Именно этого самолёта вида сбоку нет, но высылаю несколько вариантов камуфляжа, есть пара очень близких по расцветке. Не знаю, дойдёт ли.

----------


## Serega

> Именно этого самолёта вида сбоку нет, но высылаю несколько вариантов камуфляжа, есть пара очень близких по расцветке. Не знаю, дойдёт ли.


 - спасибо!!! Имею в виду именно ваши фото - борта 25 и 27. Остальное не подходит. А есть еще какие либо фото именно ваших камуфляжных самолей?

И вопрос - самоли что на фотах это бисы (борта 25 и 27), не скажете - они красились у вас "по месту" или это ремзавод. (по камуфлу видно что это не завод, хотя покрашено "с оглядкой" на экспортный стандарт пятен)

----------


## AndyK

Большое спасибо за фото! Прям бальзам на душу!
БИСы №№ 25 и 27 - Кущевка, какая АЭ, год? 

Если есть еще фото самолетов частей, где служили,  разных периодов - выкладывайте в этой ветке - очень интересная ин-ция!

----------


## robert

БИС № 41 - Кущевка 1981





БИС № 35 - Кущевка 1981



....

----------


## pilot51

К сожалению, других фото МиГ-ов в камуфляже нет. Где красились не знаю, они приходили к нам уже покрашенные, причём первыми "в раскраске" появились "спарки". А первые "бис" были покрашены в серо-голубой цвет. Фото бортов 25 и 27 были сделаны примерно в 81-82 годах, какая точно АЭ сказать не могу, часто летали по две эскадрильи в одну смену, выводилось 9-12 "спарок" и от 5-ти до 10 "боевых". Есть несколько фото на "ЦЗ" в Кущёвке, но они чёрно-белые, сделаны в 78-году и там нет самолётов в камуфляже. Есть фото с Ейского ВВАУЛ, но там какой-то мрачный камуфляж, и качество его очень низкое.

----------


## robert

Юрий Петрович,
это  Миг-21МФ 1 аэ(?) 1976 Кущевка >

----------


## pilot51

С этой точки съёмки отличить "мф" от "бис" для меня затруднительно, но я думаю, что это "мф", судя по обечайке воздухозаборника, меньшему накладному топливному баку, и,кажется, отсутствию перископа на фонаре.

----------


## robert

инструктори 1980 Кущевка

----------


## pilot51

Спасибо огромное robert за фото! Слева-направо Саша Бобов, Женя Мышкин с Бобовым, Саша Бендюк, и опять Бобов.

----------


## robert

Поздравления из Венгрии ! 

Кущевка 1981

----------


## robert

> Именно этого самолёта вида сбоку нет, но высылаю несколько вариантов камуфляжа, есть пара очень близких по расцветке. Не знаю, дойдёт ли.

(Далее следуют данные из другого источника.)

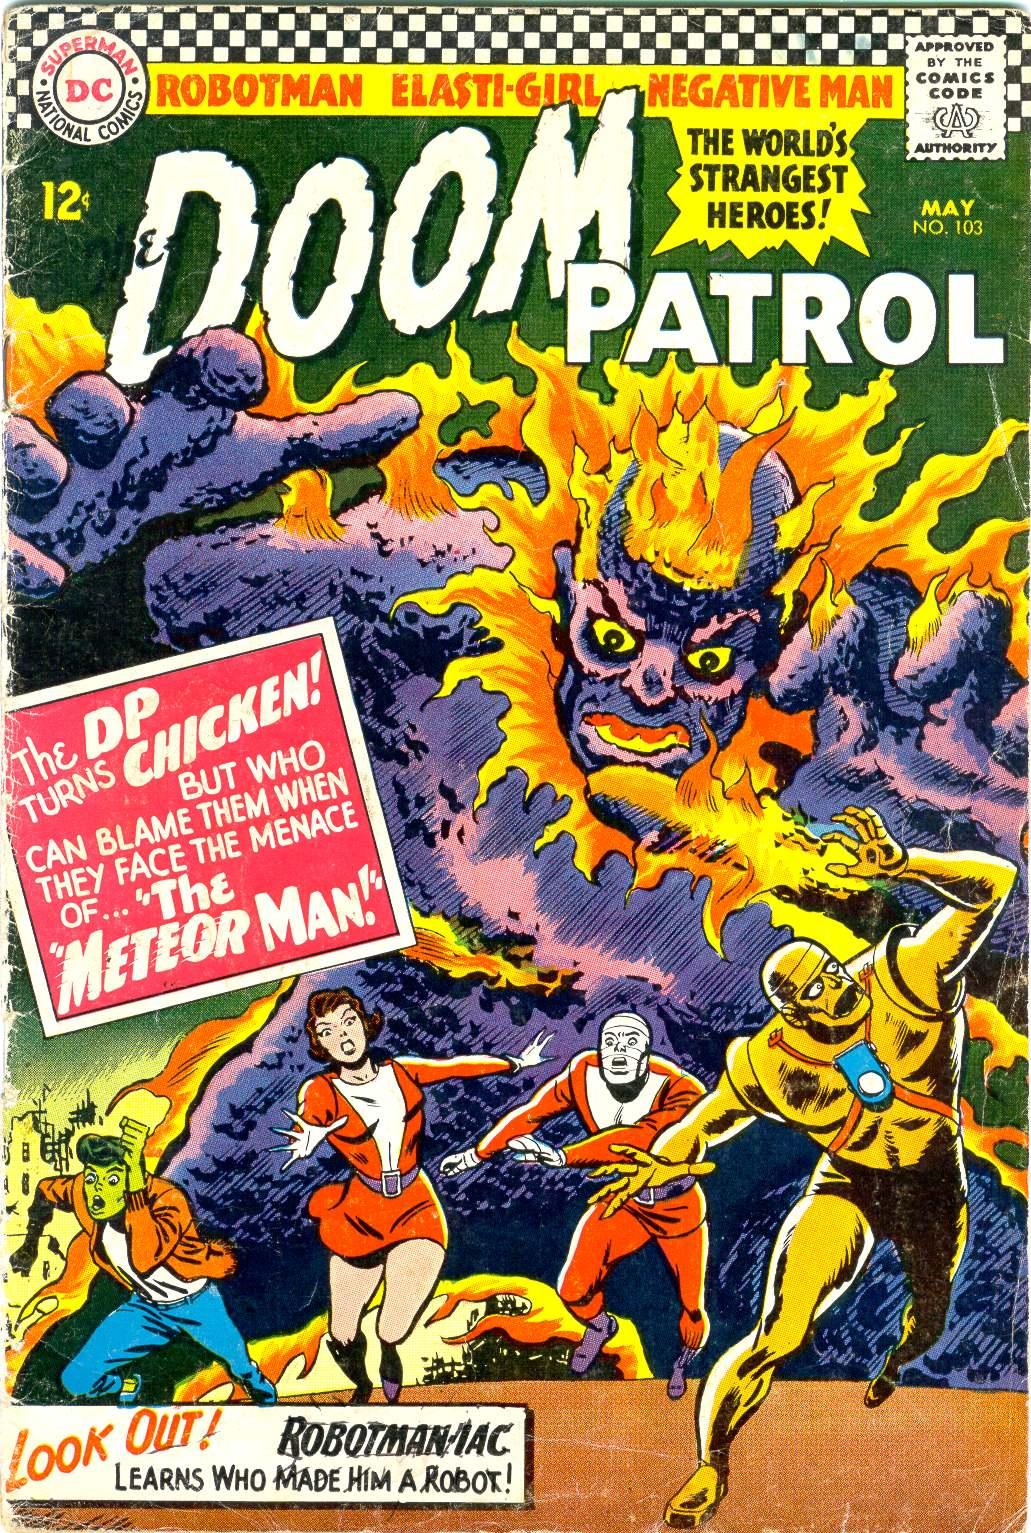 Leer Doom Patrol Volumen 1 Online en Español
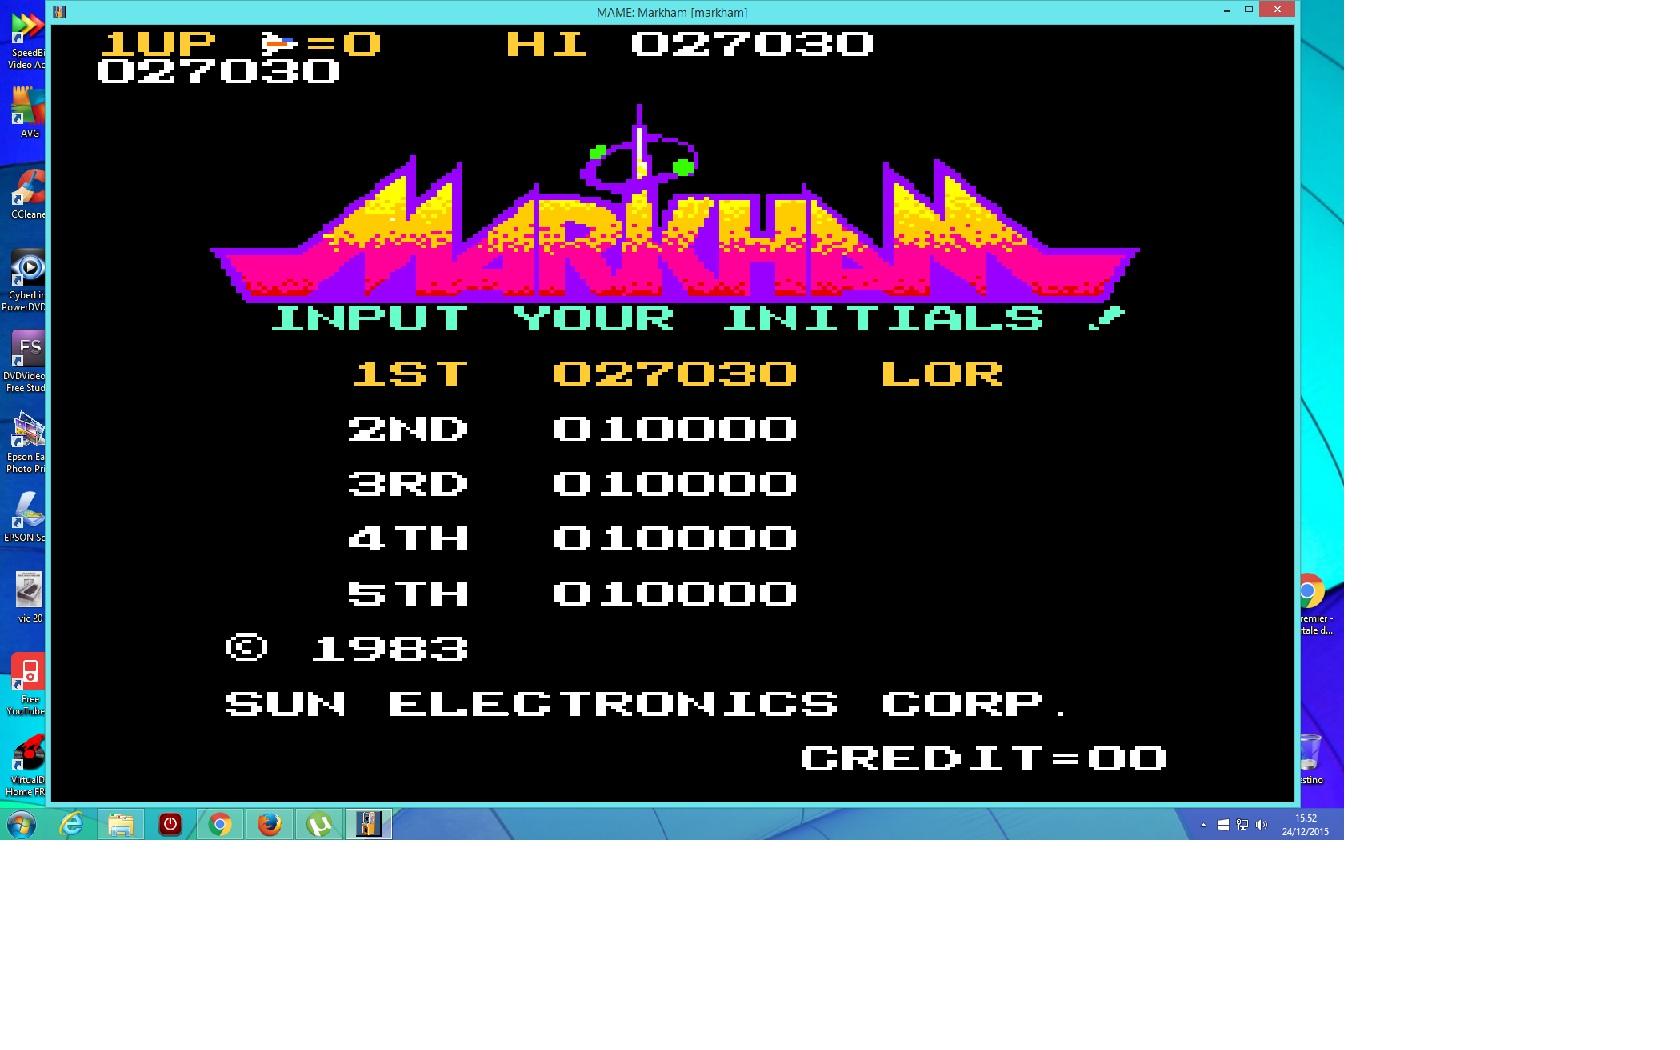 lenny2571: Markham [markham] (Arcade Emulated / M.A.M.E.) 27,030 points on 2015-12-24 08:53:30

Для модельеров > прав-сторона "25" 



http://forums.airforce.ru/attachment...1&d=1256280686

----------


## Михайлов А.

Огромное спасибо за рассказ, прочел с большим интересом, буду теперь иметь представление как в те времена учился и служил мой папаша-выпускник Качи 1975г.

----------


## милевская

Юрий Петрович! Добрый день! Прочитала с удовольствием Ваш очерк. Да , "какие были времена, какие люди были"! Это о вас!С уважением, если помните меня, писарь 2 аэ Ольга Заболотская.

----------


## pilot51

Привет Оля! Конечно помню, как забыть такую милую девушку!

----------


## Koethen

Уважаемый Юрий Петрович!
Огромное спасибо Вам за Ваши "Воспоминания..."! 
Вы написали о Настоящей Мужской Работе. Вот что надо пропагандировать среди подрастающего поколения, а не всякую, извините за выражение, "гомосятину" (но это пожелание нашим теле и радио идеологам).
Позвольте у Вас спросить. 
Бытовые сложности, сопутствующие летной работе, неустроенность жизни на полевых аэродромах были, по-Вашему, нормой ВВС СССР или все же многое зависело от места службы? И как можно было эффективно летать и учить летному делу в таких непростых условиях?
С огромным уважением, Александр.

----------


## pilot51

Спасибо Александр за добрый отзыв!
На тех аэродромах, где я лично летал, а их более десяти, бытовая неустроенность всегда была и в большом объёме. По отзывам моих знакомых пилотов примерно то же было и в их местах базирования. Видимо были какие-то исключения, но они касались только очень ограниченных мест. Несколько лучше могло быть в так называемых "придворных" полках, куда часто приезжали различные начальники и иностранные делегации. Поэтому вывод прост - это была "норма", тыловое обеспечение почти всегда работало в лучшем случае на "троечку". А "эффективно летать и учить лётному делу" можно было только благодаря самоотверженному (без кавычек) труду рядовых лётчиков. Говоря словами Суворова, это были "чудо-богатыри"! Цвет нации!

----------


## Koethen

Уважаемый Юрий Петрович, большое спасибо за Ваш ответ!

----------


## Observer

Уважаемый Юрий Петрович, спасибо за очень подробные воспоминания и фотографии! Интересная биография, и замечательно, что у вас сохранилось так много снимков. Многое и самому вспомнилось...

----------


## pilot51

Спасибо Observer!

----------


## nadudvar

Юрий Петрович, прочел с большим интересом и на одном дыхании.... Спасибо!

С уважением!

----------


## Fighter

> Помнит ли он подробности этих событий 70-80-х годов.
> 1. Летом в День Авиации 1973 года в Ростовской области разбился МиГ-21У Качинского училища погибли курсант и инструктор. Зацепили землю при выходе из пикирования.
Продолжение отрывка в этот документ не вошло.